In fact, CMAT is part of a broader alliance of African social movements that penned the Dakar Declaration Against Land and Water Grabbing at the October 2014 African Social Forum in Senegal. That statement, firmly denouncing corporate and state takeovers of land and water, opened the way for an urgently needed global convergence of struggles–one that would subsequently be debated at the World Social Forum.

Delivering on that promise, Via Campesina and a cluster of its strategic allies organized a three-day global convergence of land and water struggles in Tunis–providing firsthand accounts of resource rights violations across multiple geographical spaces, and introducing tools ranging from grassroots organizing practices to international governance and human rights mechanisms to address those interrelated land and water grievances. It also offered a vital space from where to strategize on how to build unity and coordinated action in the face of adversity.

This participatory and organic process culminated in a new declaration that underscores the urgency of land and water grabs as well as community pledges for action and specific policy asks. Perhaps even more importantly, in the early stages of broadening the convergence, authors of the Dakar declaration brought the initiative to Tunis as an invitation to global allies to debate and add to the ideas and claims outlined in the original document–and in so doing, build the power needed to stop land and water grabs.

Adding to the energy in Tunis, strong political connections were also forged between varied convergences–including, but not limited to, the land and water process.
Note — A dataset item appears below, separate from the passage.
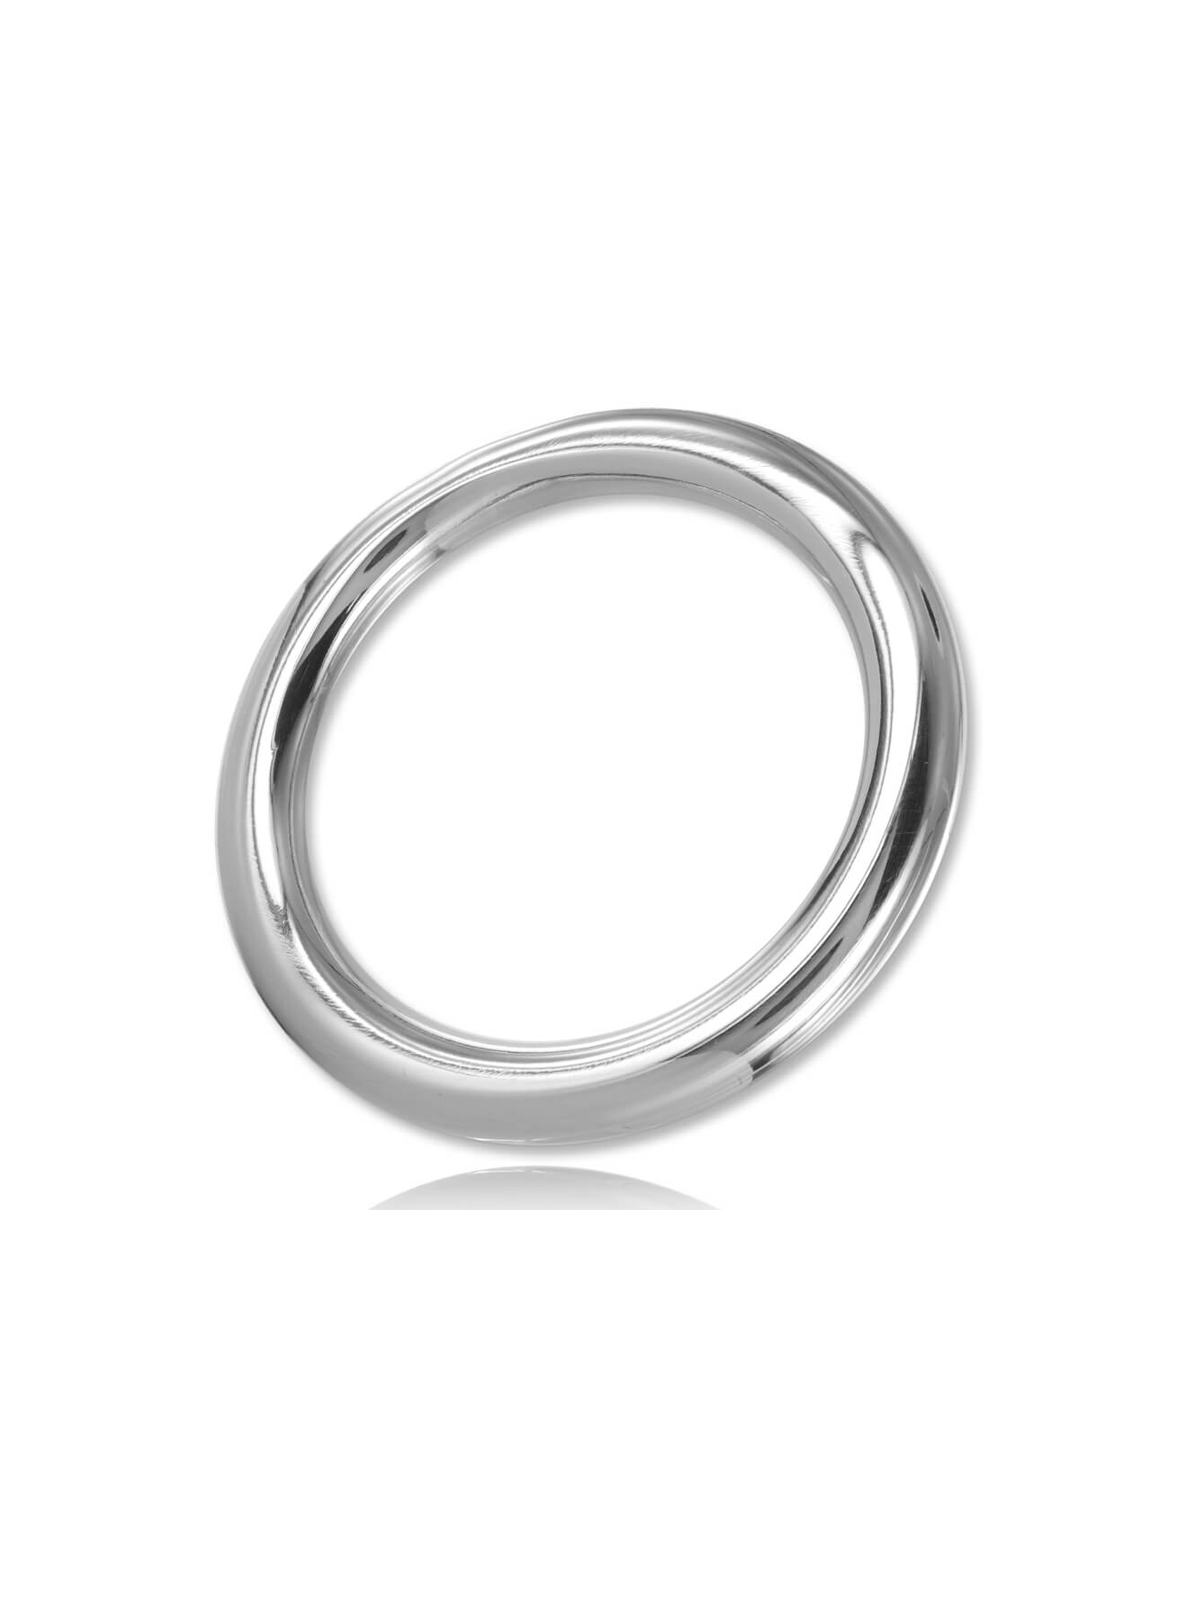 Metalhard Round Anilla Pene Metal Wire C Ring - Comprar Anillo metal pene Metal Hard - Anillos de metal pene (1)

Seasoned activists organized a climate convergence to accentuate the disproportionate approaches to the climate crisis that sideline marginalized communities in the Global South while wealthy governments and corporations accelerate their pollution. Additionally, delegations to Tunis coordinated a global convergence of resistances to corporate power that featured a series of campaign strategy workshops to build alternatives to free trade, squarely placing people and the planet before profits. Via Campesina co-convened each of these processes.
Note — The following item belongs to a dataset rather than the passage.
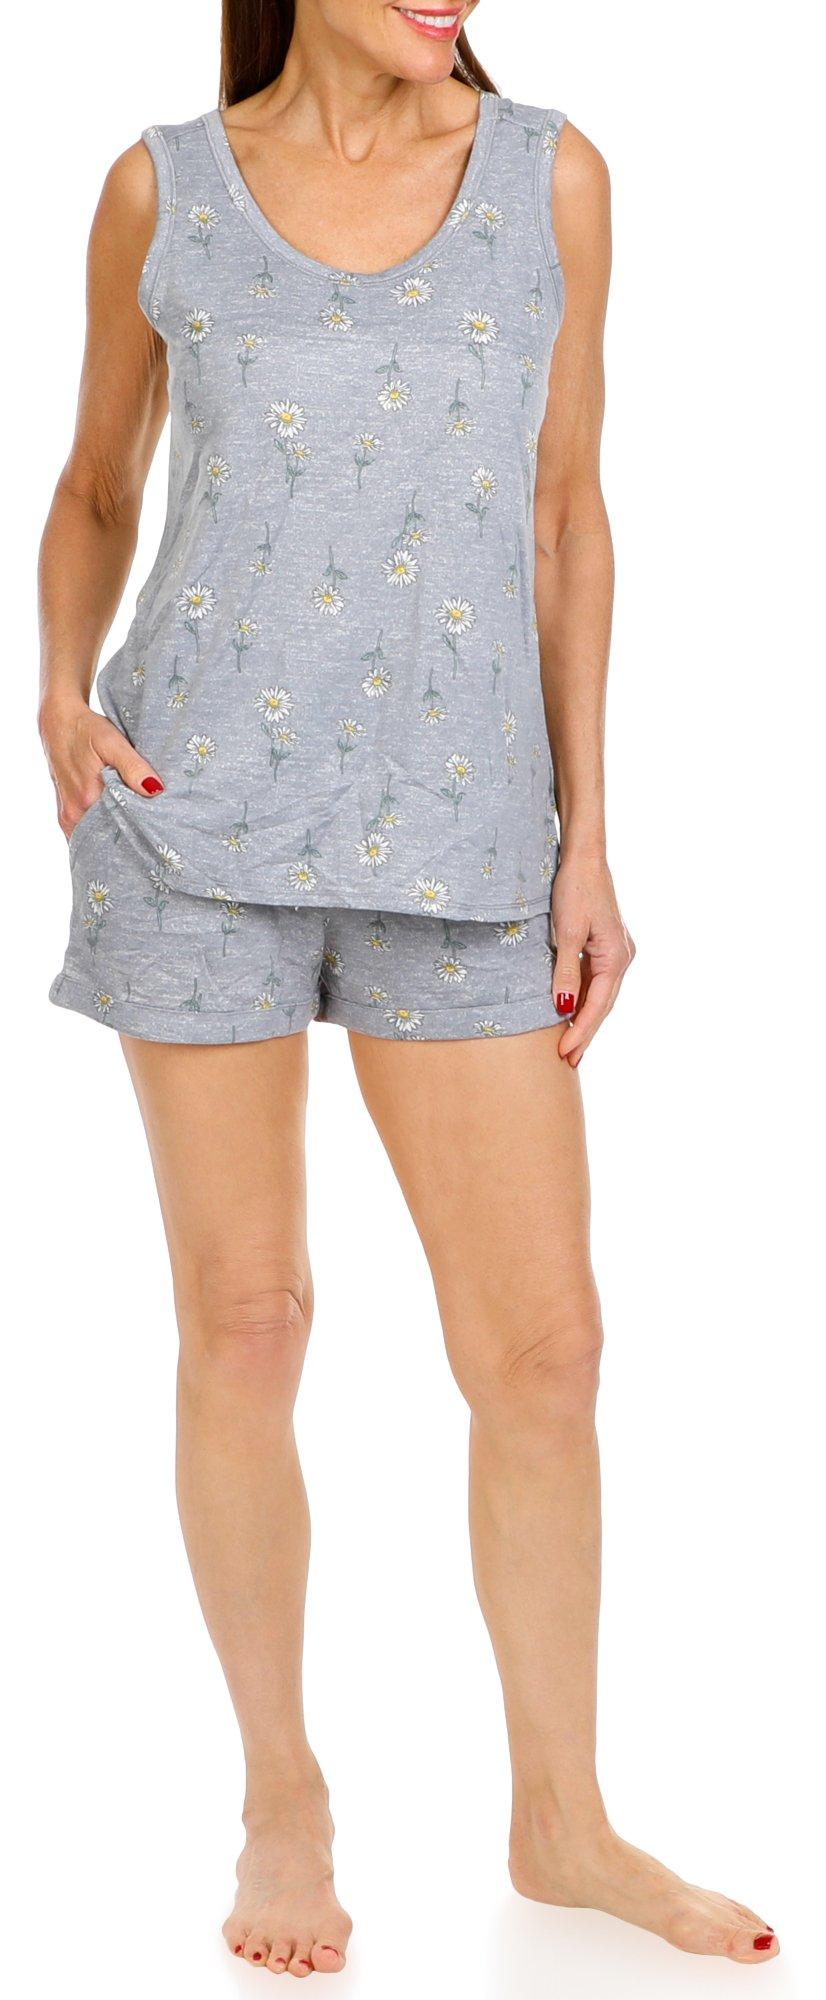 Women's 2 Pc Sleepwear Shorts Set

A new resolve emanated across these spaces with a final convergence of convergences, where activist organizers from the land and water, climate, and resistance to corporate power meetings were able to identify systemic faults underpinning the food, climate, energy, and financial crises. It also opened windows for concerted action in relevant global political gatherings such as the upcoming COP 21 in Paris. “In order to maintain order in this world, we need these conversations,” reflected Carlos Marentes, a Via Campesina leader and farmworkers’ organizer from the U.S.-Mexico border.

As the World Social Forum closed on March 28 with yet another march through downtown Tunis, many voiced one of its founding slogans: another world is possible. And echoing the spirit of the revolution that rocked the small North African nation not so long ago, frontline activists showed determination in building their own future–however trying that process might be.